━━━ DATASET EXTRACT

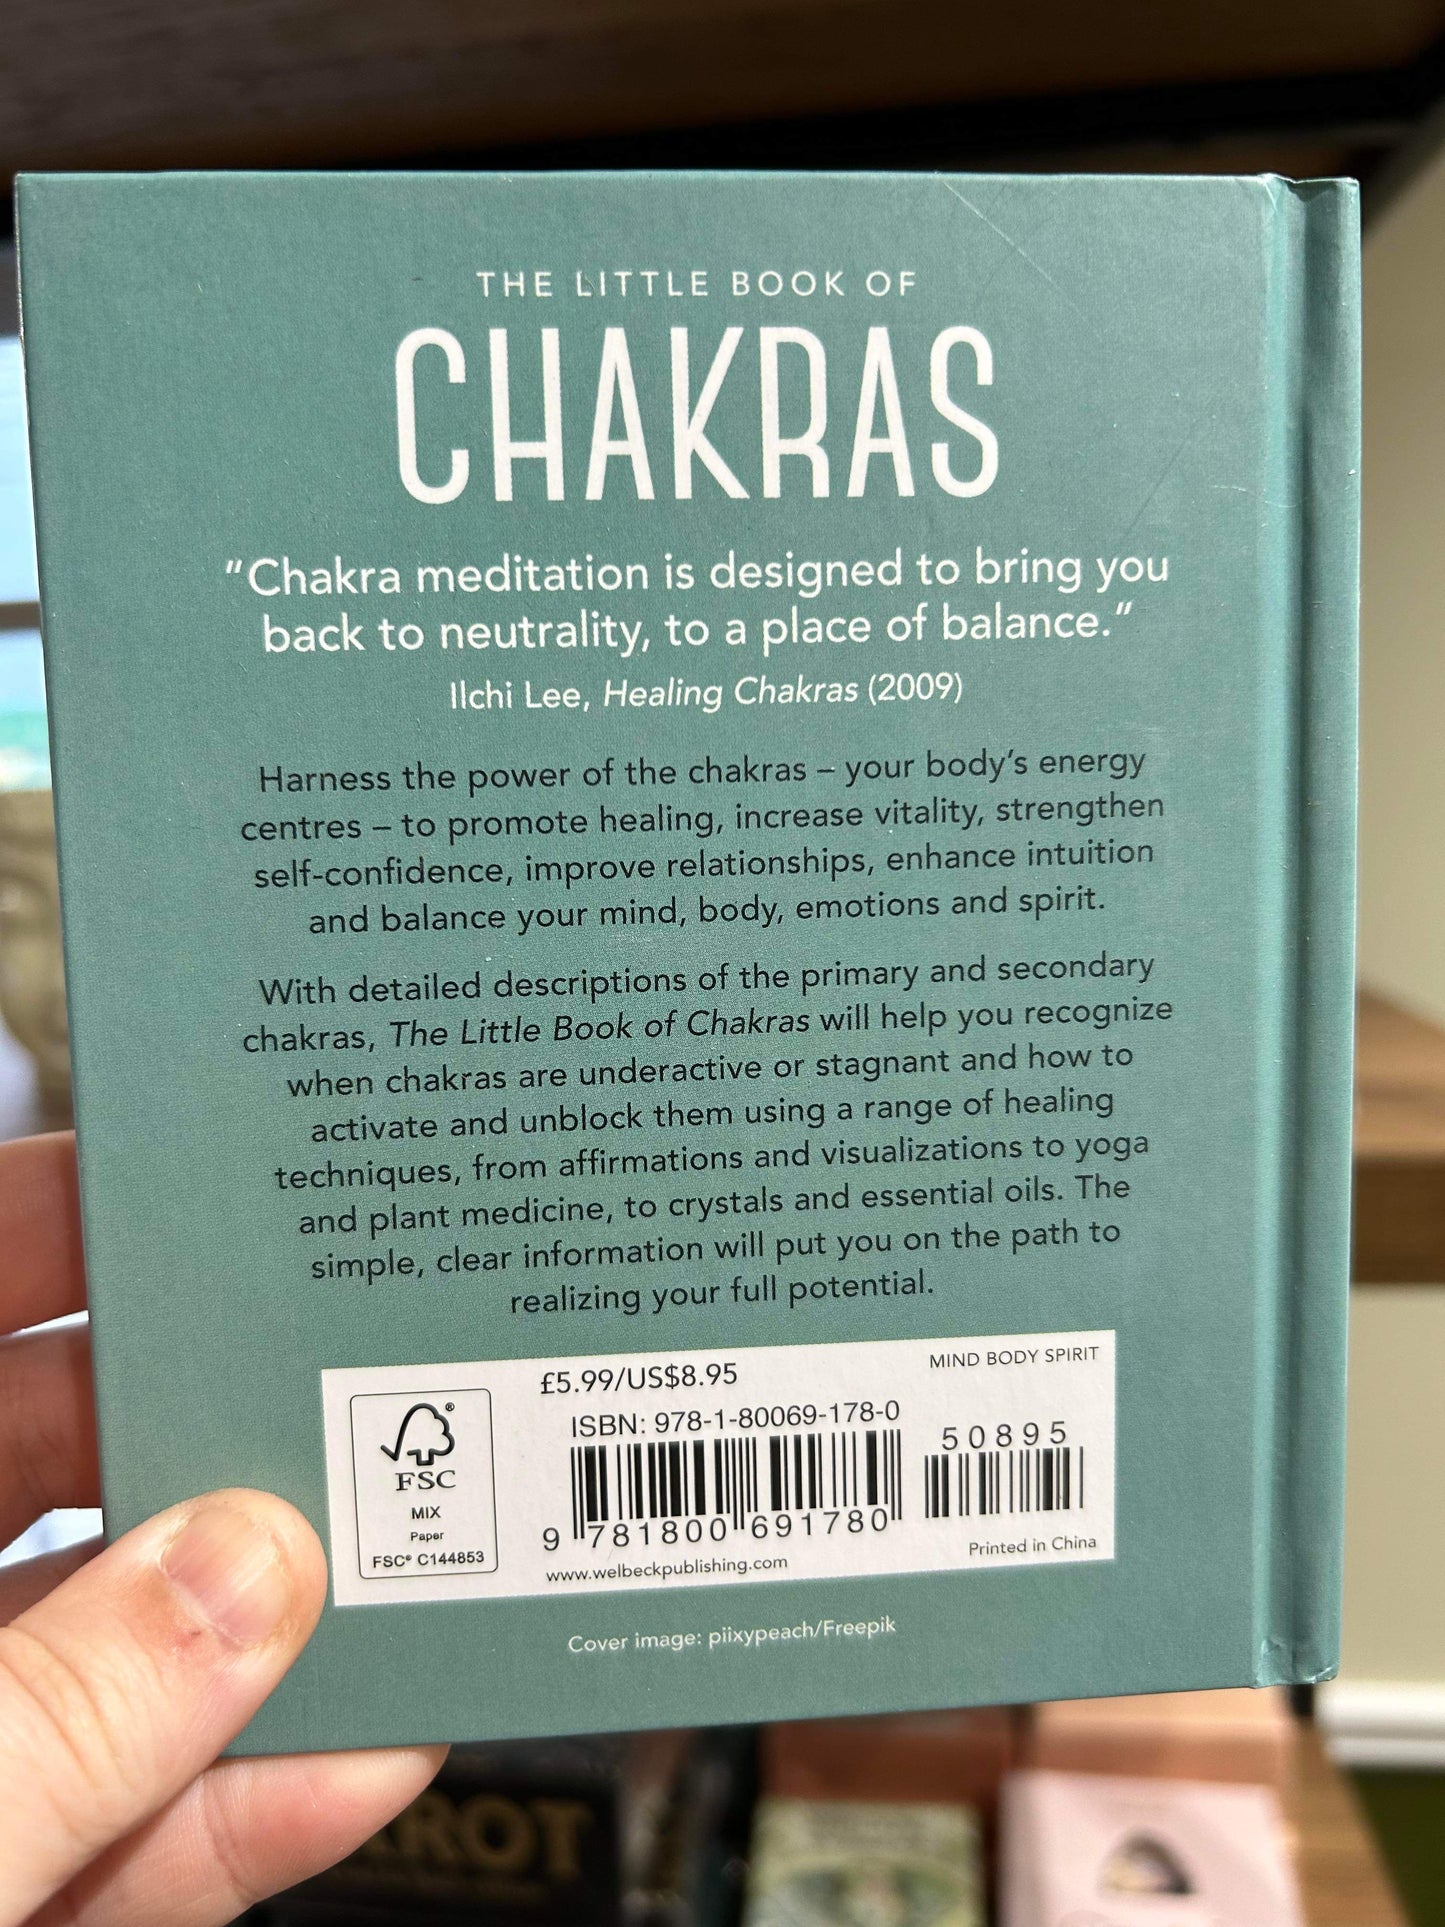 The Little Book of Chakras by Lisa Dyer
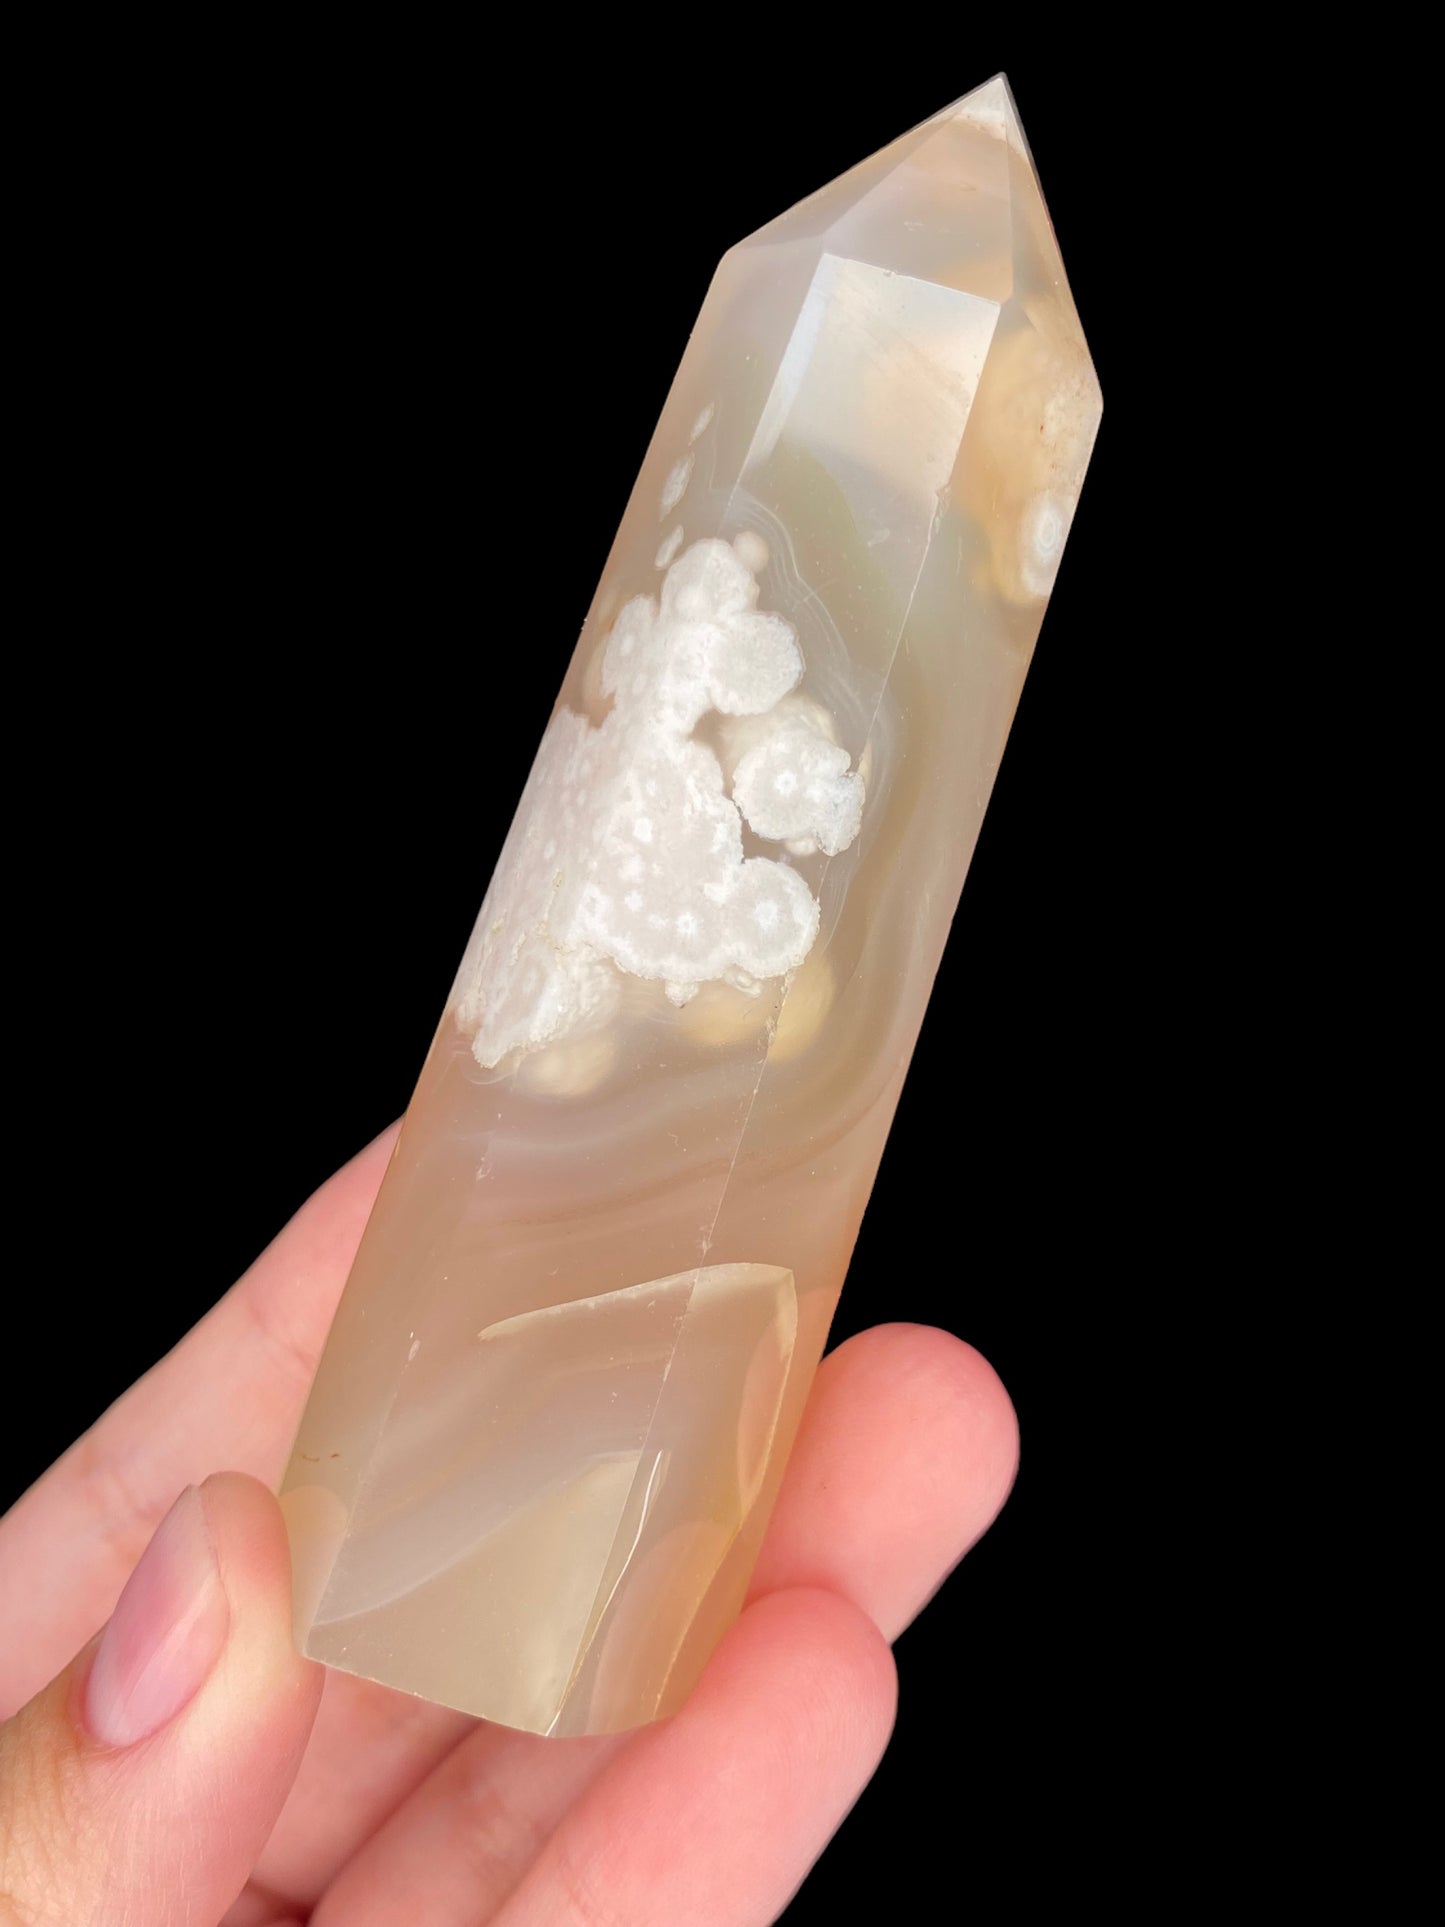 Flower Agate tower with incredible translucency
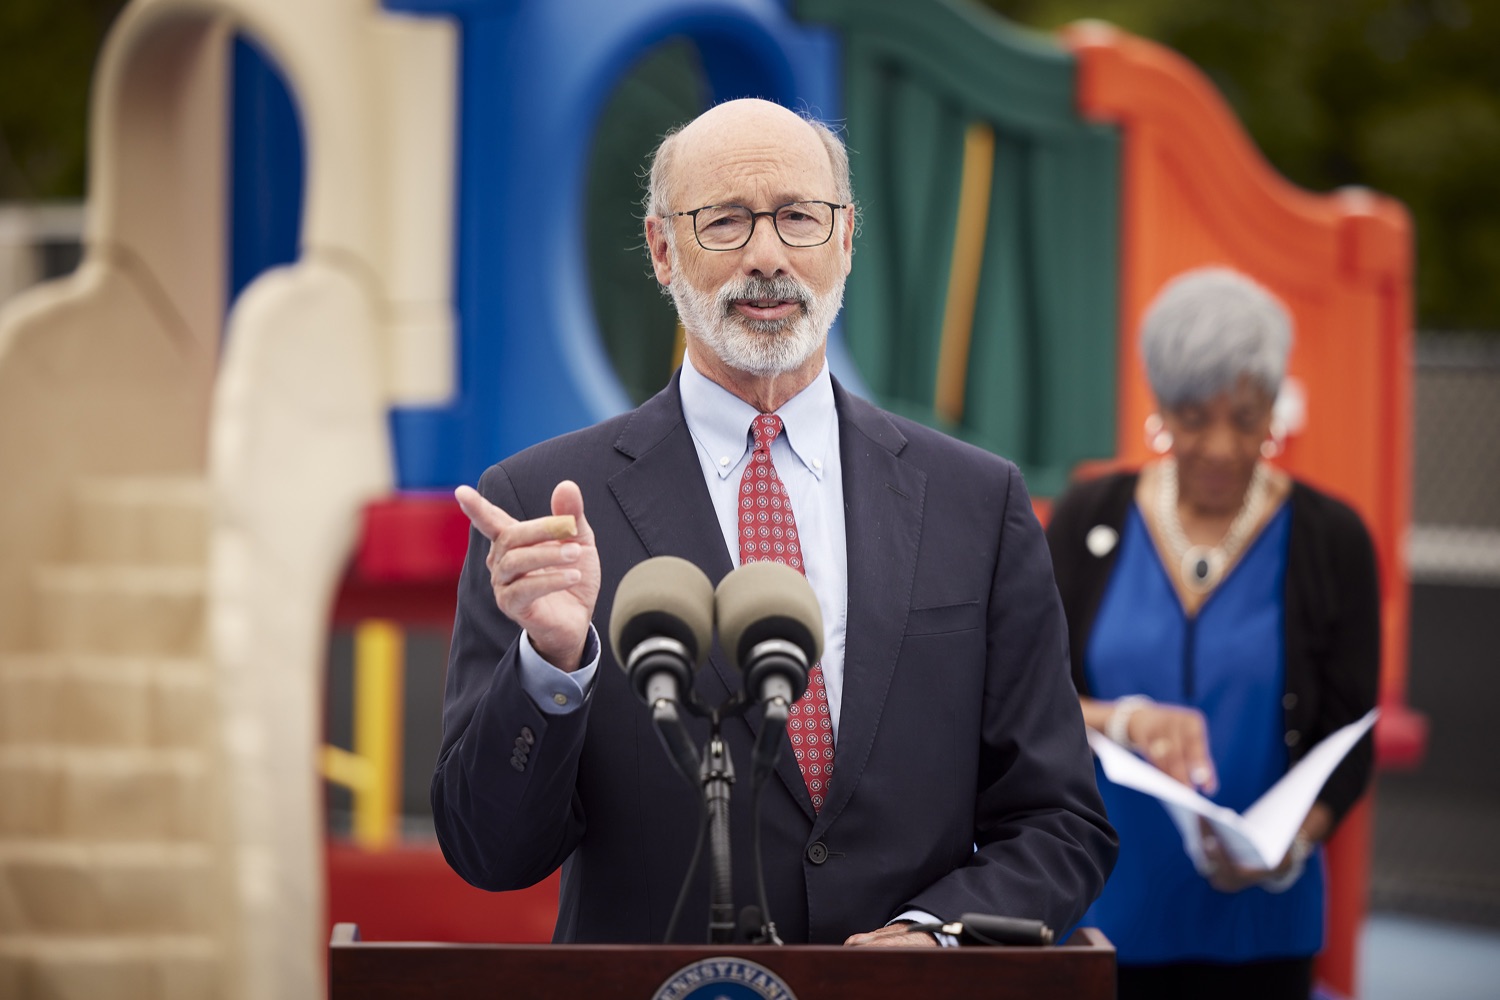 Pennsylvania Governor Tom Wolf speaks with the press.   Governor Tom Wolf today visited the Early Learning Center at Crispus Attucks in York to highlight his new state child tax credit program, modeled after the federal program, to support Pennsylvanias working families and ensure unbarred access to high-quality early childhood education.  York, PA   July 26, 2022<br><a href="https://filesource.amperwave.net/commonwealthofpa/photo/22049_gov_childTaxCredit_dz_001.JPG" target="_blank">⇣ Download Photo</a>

━━━━━━

-- EXERCISE BRIEF --
What this calls for is the material above set down exactly, pictures excluded.

-- EXERCISE SOLUTION --
 The Little Book of Chakras by Lisa Dyer
 Flower Agate tower with incredible translucency
 Pennsylvania Governor Tom Wolf speaks with the press.   Governor Tom Wolf today visited the Early Learning Center at Crispus Attucks in York to highlight his new state child tax credit program, modeled after the federal program, to support Pennsylvanias working families and ensure unbarred access to high-quality early childhood education.  York, PA   July 26, 2022<br><a href="https://filesource.amperwave.net/commonwealthofpa/photo/22049_gov_childTaxCredit_dz_001.JPG" target="_blank">⇣ Download Photo</a>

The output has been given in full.